- _Your objective_: With pictures omitted, copy exactly every line from the one that contains "Sedie club chair" to the end of the listing below.

- _The data_:
[Start of Attachment]

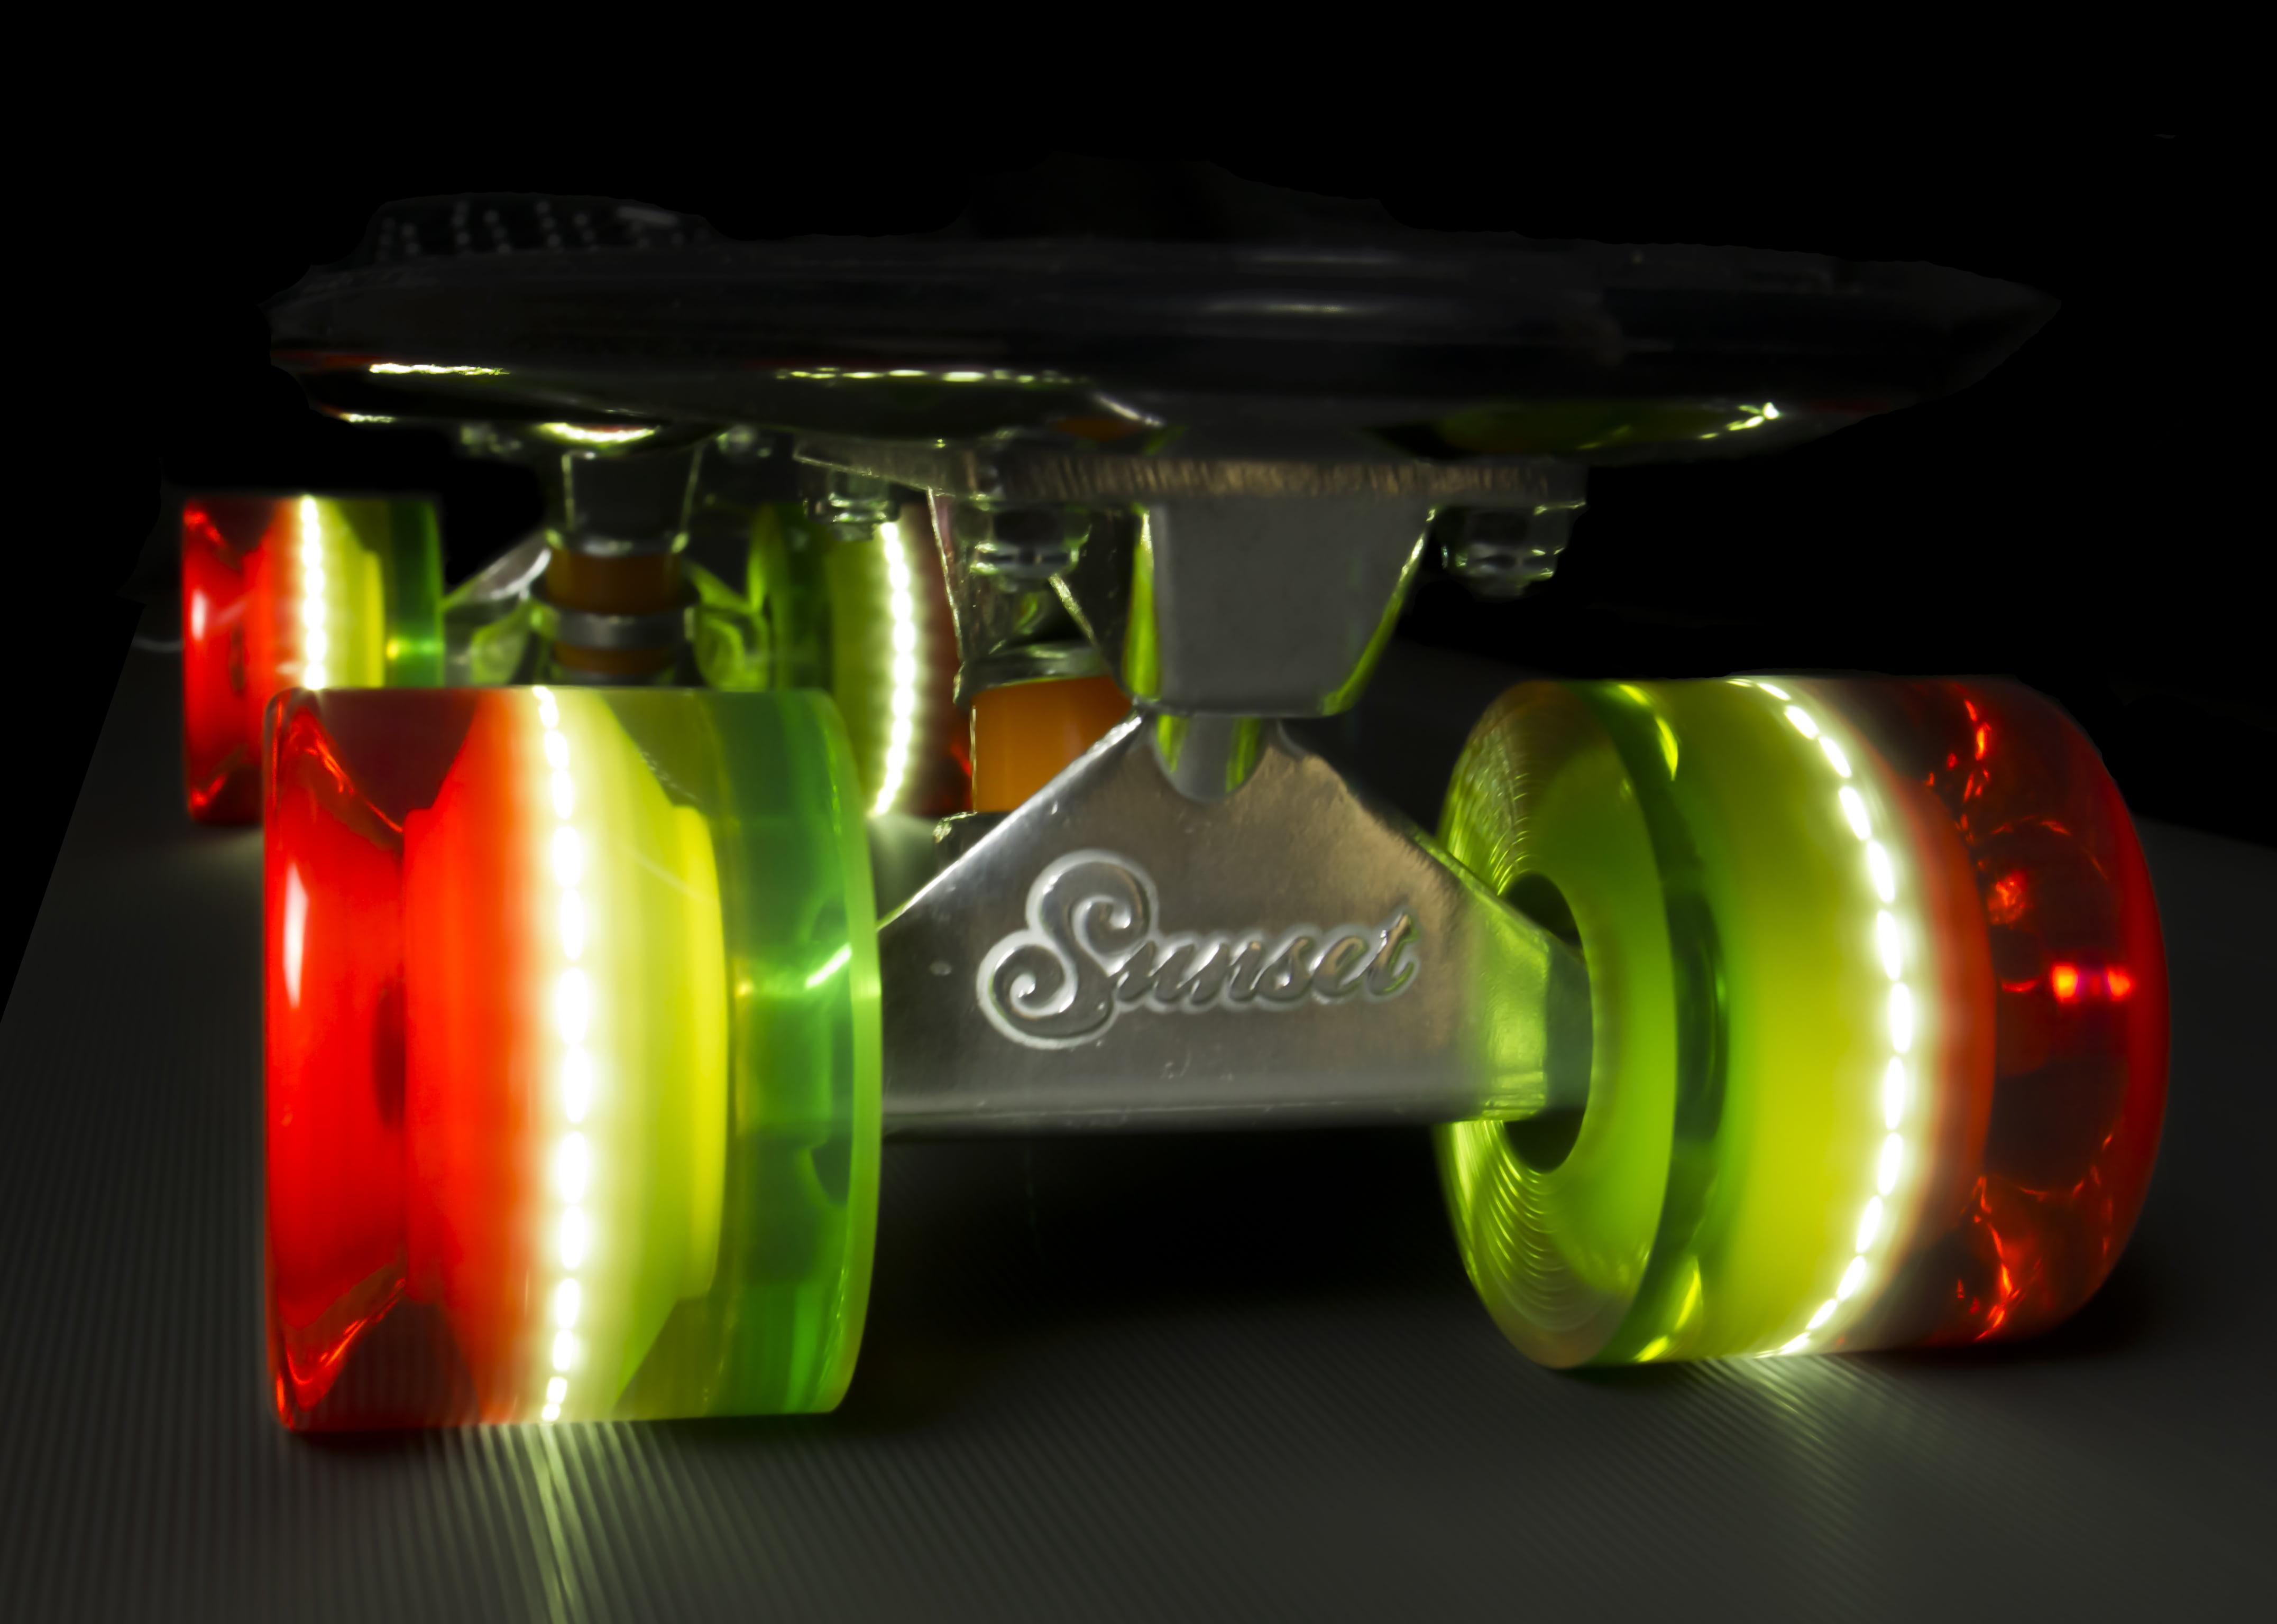 SUNSET SKATEBOARDS Rasta 59mm Cruiser Flare Led Wheel and ABEC-7 Bearings  (4-pack) - Walmart.com 1b994a895ae
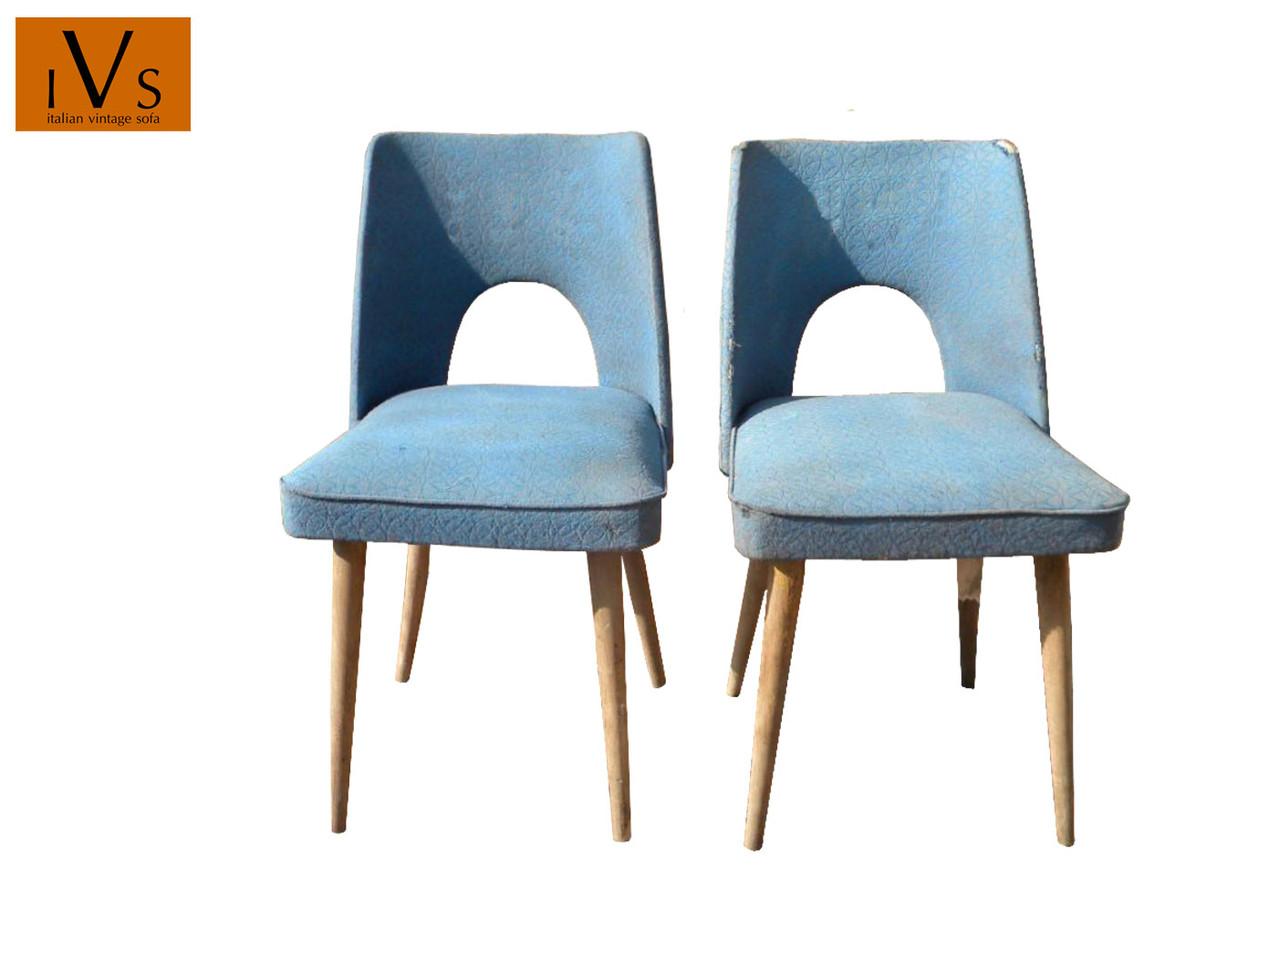 Sedie club chair vintage anni 50 italian vintage sofa - Sedie design anni 50 ...
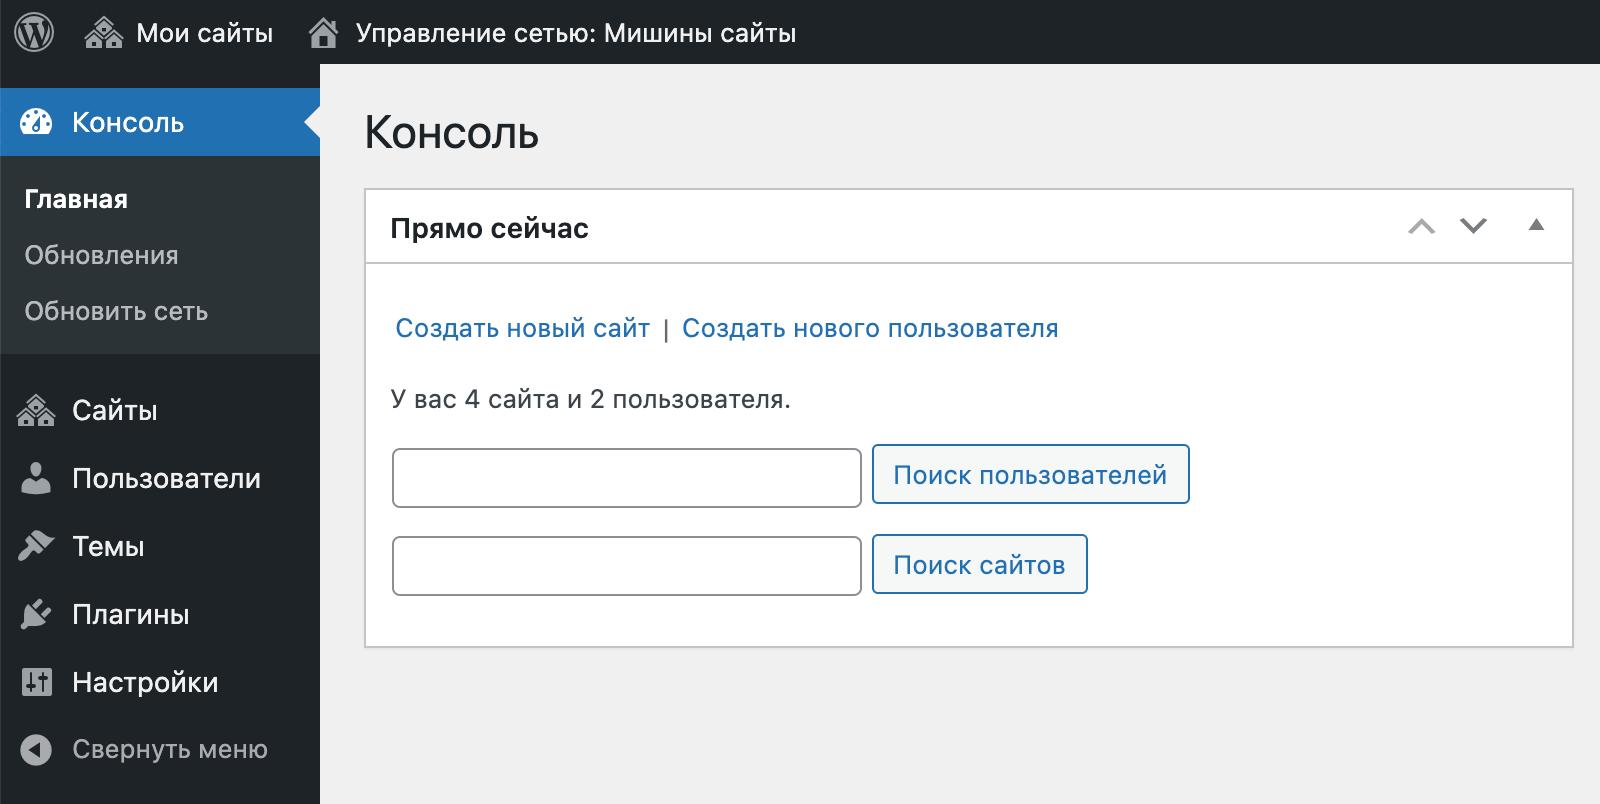 консоль WordPress Мультисайт для суперадминистраторов

[End of Attachment]

- _Written answer_:
 Sedie club chair vintage anni 50 italian vintage sofa - Sedie design anni 50 ...
 консоль WordPress Мультисайт для суперадминистраторов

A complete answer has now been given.